An IADB official in Lima said it expects to contribute towards project financing, as does the Andean Development Fund and commercial banks, from which the partners anticipate securing credits.

IDB financing is subject to final approval of the project's environmental impact assessments (EIAs). An official in Peru said the bank did not anticipate problems and were working closely with the energy and mines ministry to satisfy observations brought up by ecologists, who had placed Camisea on a "red list."

The Camisea consortium, led by field operator Pluspetrol SA, has invested $250-300 million in the project, Pluspetrol said, and TGP has invested about $300 million on pipe and equipment.

A Camisea manager said that the consortium also is awaiting approval by Peruvian firm Graña y Montero, which is assessing the environmental impact of constructing a fractionation plant at Pisco. Work on the plant—key to the project—is scheduled to start at the beginning of next year.

Environmental watchdog Inrena, however, has delayed that approval pending resolution of a fishmeal-plants-relocation issue. Pisco and the fishmeal plants are near the Paracas nature reserves.

An EIA for a Camisea gas-fed LNG plant also is under way at Melchorita, which lies between Cañete and Chincha, just south of Lima (see related item, p. 8).

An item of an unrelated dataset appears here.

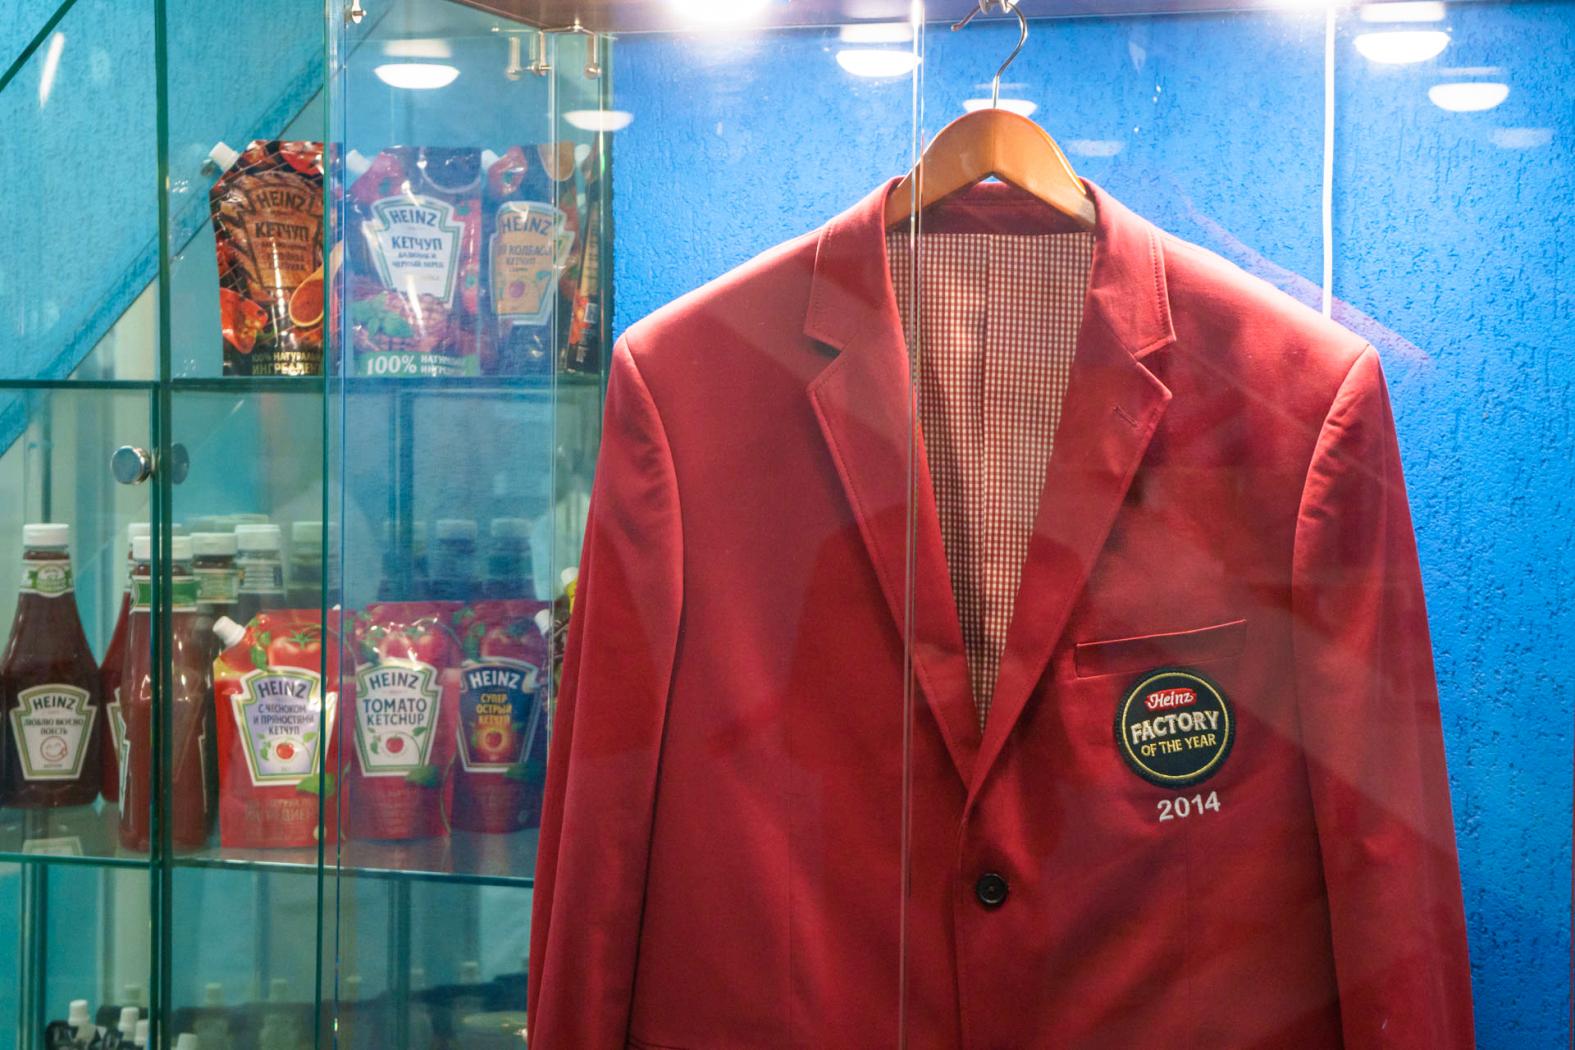 В 2014 году завод в Отрадном был признан лучшим среди всех заводов Heinz в мире. В фойе завода с тех пор висит символ этой победы – знаменитый красный пиджак.

In other pipeline news, Salt Lake City-based Kern River Gas Transmission Co. has begun construction on its 2003 pipeline expansion. The $1.2 billion project will increase the pipeline's capacity by 906 MMcfd once placed in service in May 2003, the company said.

KERR-MCGEE CORP., Oklahoma City, reported that production is under way in Tullich and Maclure oil fields in the UK North Sea, using existing infrastructure in Quadrant 9.

Both fields were developed as subsea tiebacks to the Kerr-McGee-operated Gryphon A floating production, storage, and offloading vessel.

Tullich field, on Block 9/23a, is producing at a rate of 7,500 b/d from two wells. Production is expected to peak at 15,000 b/d from four wells early next year. Kerr-McGee owns and operates Tullich, 3 miles southeast of Gryphon, in 370 ft of water, with reserves of 40 million boe (OGJ Online, Jan. 8, 2002).

Maclure field, operated by BP PLC, is producing 12,000 b/d from one well.